Trinseo (NYSE:SE) reported a net loss of $546 million for the full year 2025, a result heavily impacted by $140 million in pre-tax restructuring charges and the costs associated with a comprehensive debt refinancing completed in early 2025.
The Wayne, Pennsylvania-based company is currently undergoing a massive operational overhaul, including the shutdown of virgin MMA and ACH production in Italy and polystyrene assets in Germany.
For the fiscal year, Trinseo recorded a loss per share of $15.24.
The company's cash position was also pressured, with cash used in operations totaling $102 million.
Combined with $51 million in capital expenditures, the company ended the year with a negative free cash flow of $153 million.
Despite these headwinds, management highlighted that restructuring initiatives and $27 million in polycarbonate technology licensing income helped partially offset the impact of unplanned outages and lower margins at its Americas Styrenics joint venture.
The fourth quarter showed signs of stabilizing liquidity, with cash provided by operations reaching $23 million.
After $16 million in capital expenditures, the company generated $7 million in positive free cash flow for the period.

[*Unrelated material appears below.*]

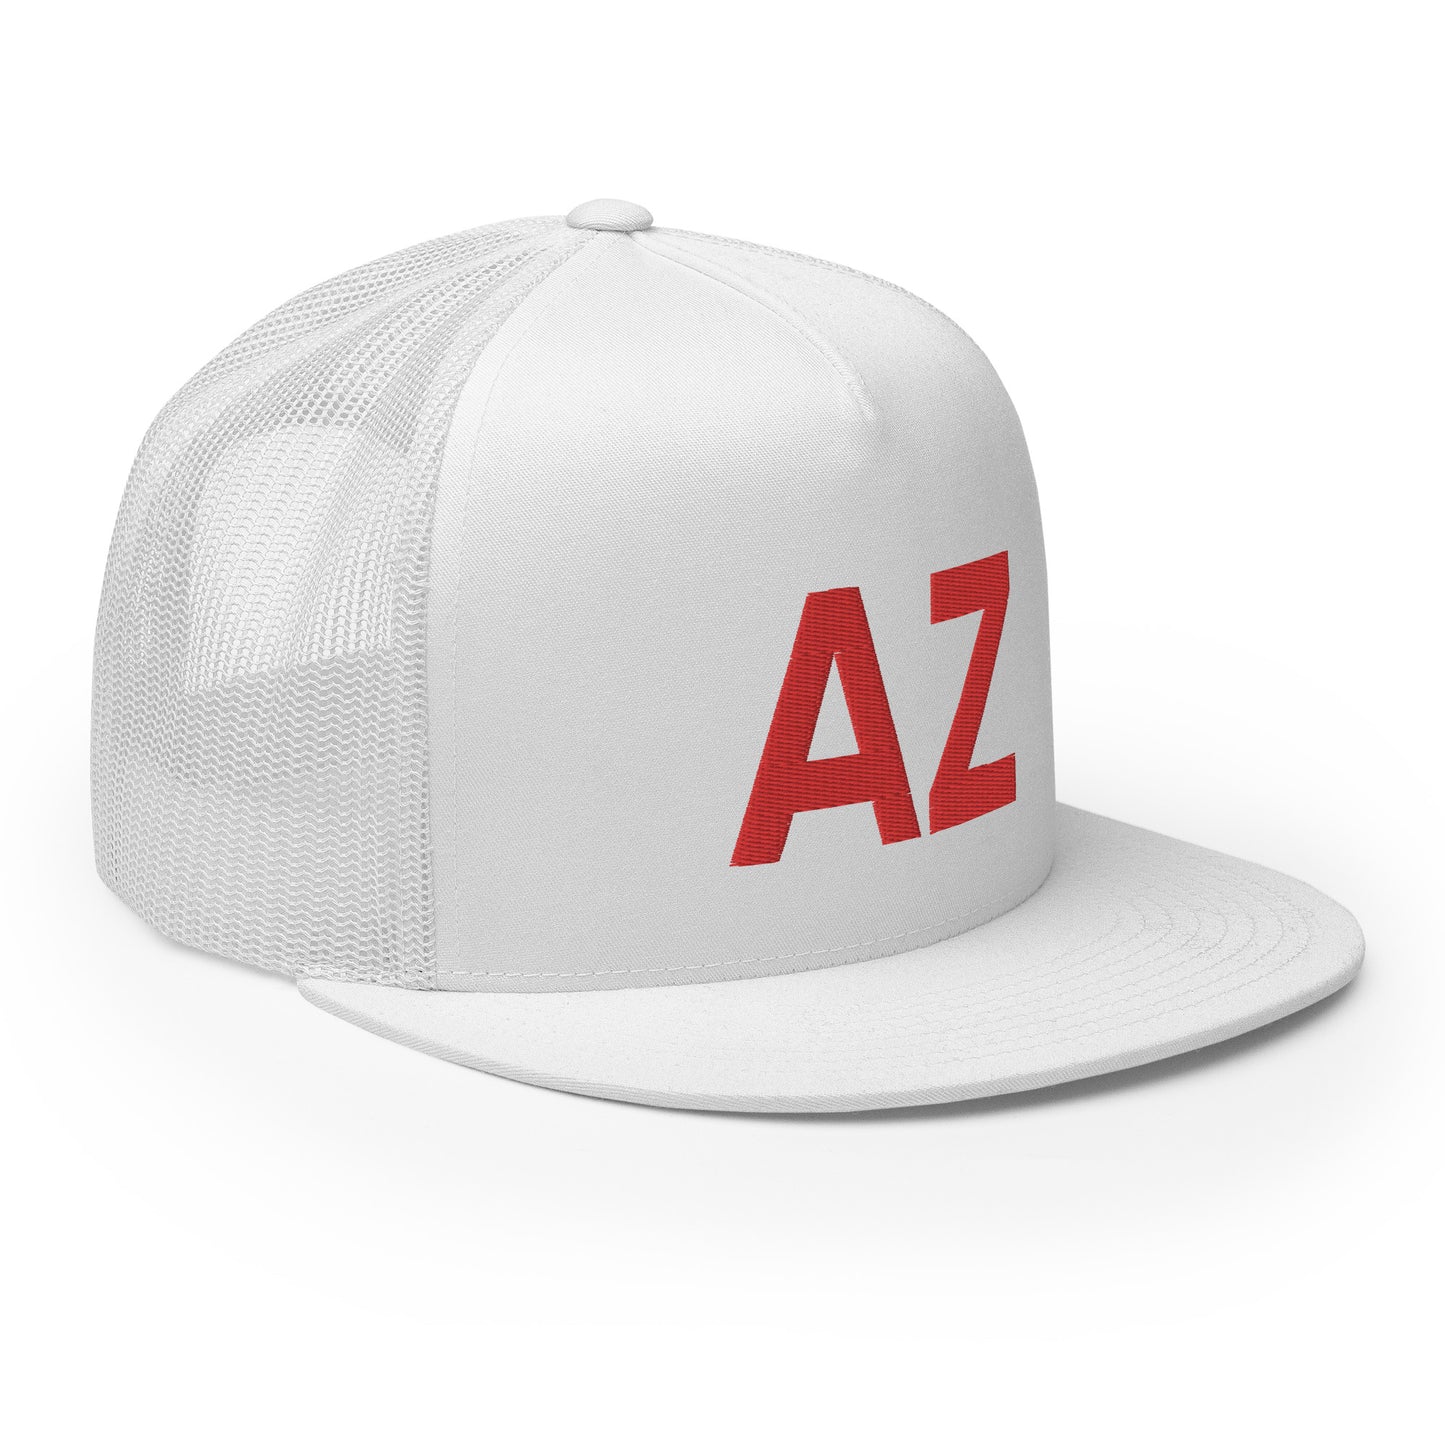 AZ Arizona Strong Trucker Hat

Trinseo ended December 31, 2025, with total liquidity of $334 million, including $149 million in cash, which the company noted provides a foundation as it continues to negotiate with financial stakeholders to improve its capital structure.
Meanwhile, Trinseo’s adjusted EBITDA for the year was $163 million, down $41 million from the prior year.
The decline was attributed to unfavorable net timing and negative equity income from Americas Styrenics, which suffered from lower margins and a specific unplanned outage.